Let $n>1$ be a positive integer, and let $f:\mathbb{R} \rightarrow \mathbb{R}$ be continuously differentiable on the interval $[1,n]$. I want to calculate an integral of the form
$$
\int _1^n\lfloor u \rfloor f'(u) \mathrm d u
$$
I realise that I can set upper and lower bounds on the integral by writing $\lfloor x \rfloor = x – \lbrace x \rbrace$. However, I am hoping to find a precise numerical solution. My approach has been to use integration by parts, writing
$$\int_1^n \lfloor u \rfloor f'(u) \mathrm d u = nf(n)-f(1)-\int_1^n f(v) \frac{\delta}{\delta v} \lfloor v \rfloor \mathrm d v$$
(whilst noting that $\lfloor n \rfloor=n$). Clearly, $\frac{\delta}{\delta v} \lfloor v\rfloor$ is undetermined or infinite at integer values of $v$. I have tried to get round this by observing that, for sufficiently small $\epsilon$,
$$
\begin{align}
\int_1^n f(v) \frac{\delta }{\delta v} \lfloor v \rfloor \mathrm d v &= \sum_{i=2}^n \int_{i-1}^i f(v) \frac{\delta}{\delta v} \lfloor v \rfloor \mathrm d v \\
&= \lim_{\epsilon \rightarrow 0^+} \sum_{i=2}^n \int_{i-1}^{i-\epsilon} f(v) \frac{\delta}{\delta v}\lfloor v \rfloor \mathrm d v
\end{align}
$$
Since $\frac{\delta }{\delta v }\lfloor v\rfloor = 0$ over each closed interval $[i-1,i-\epsilon]$, it follows that
$$\int_1^n f(v) \frac{\delta}{\delta v} \lfloor v \rfloor \mathrm d v = 0$$
But this is wrong. As an example, set $f(x) := \sqrt{x}$, so that
$$
\begin{align}
\int_1^n \lfloor u \rfloor f'(u) \mathrm d u &= \int_1^n \lfloor u \rfloor \frac{1}{2 \sqrt{u}} \mathrm d u \\
&= n \sqrt{n} – 1 – \int_1^n \sqrt{v} \frac{\delta}{\delta v} \lfloor v \rfloor \mathrm d v \\
&\overset{?}{=} n \sqrt{n} – 1 – 0
\end{align}
$$
The output from Mathematica instantly disproves this last equality (assuming it is calculating the integral correctly).

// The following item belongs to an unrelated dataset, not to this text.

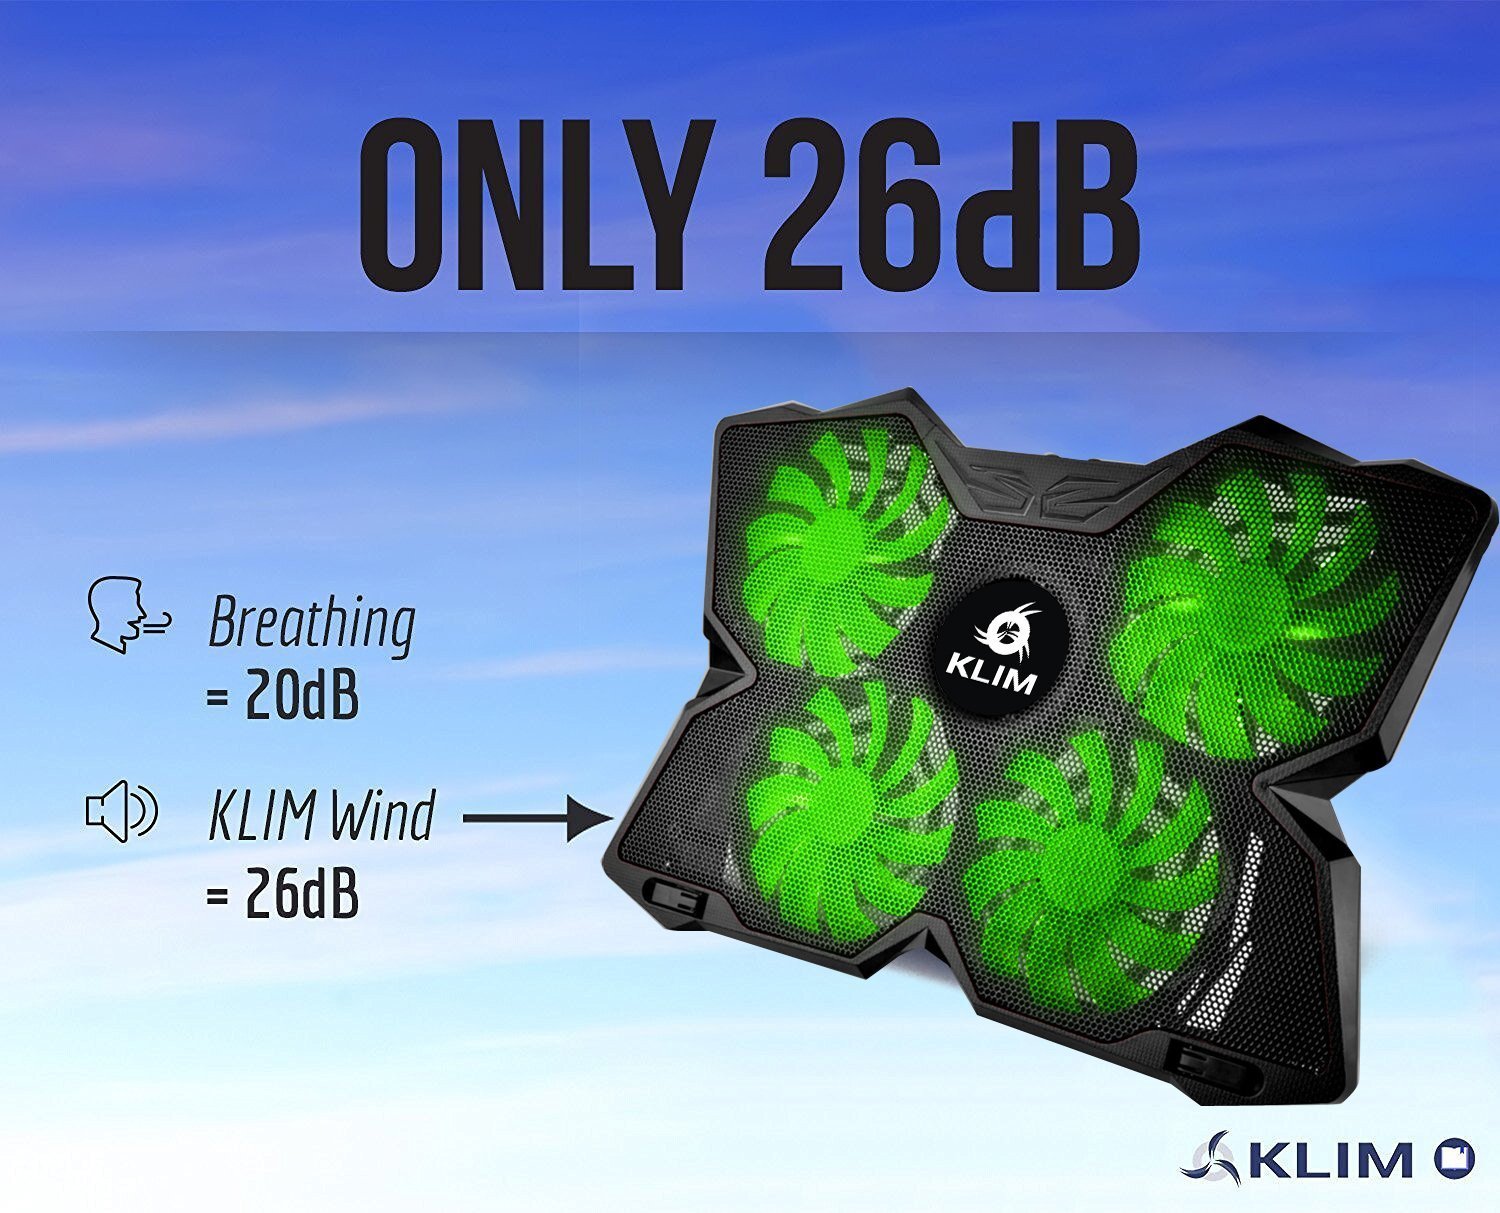 KLIM Wind Refroidisseur PC portable - Le Plus Puissant - Refroidissement Rapide - 4 Ventilateurs Support Ventilé Gamer Gaming Plaque (Vert) clicktofournisseur.com

So:
- What is wrong with this approach?
- Any suggestions for how to calculate the original integral (i.e., with $f$ undefined)?
Or do I have to content myself with finding upper and lower limits?
Best Answer
$\int_1^{n} \lfloor u \rfloor f'(u)du=\sum\limits_{k=1}^{n-1}\int_k^{k+1} \lfloor u \rfloor f'(u)du=\sum\limits_{k=1}^{n-1}\int_k^{k+1} k f'(u)du=\sum\limits_{k=1}^{n-1}k[f(k+1)-f(k)]$.
This can also be written as $(n-1)f(n)-[f(1)+f(2)+\cdots+f(n-1)]$.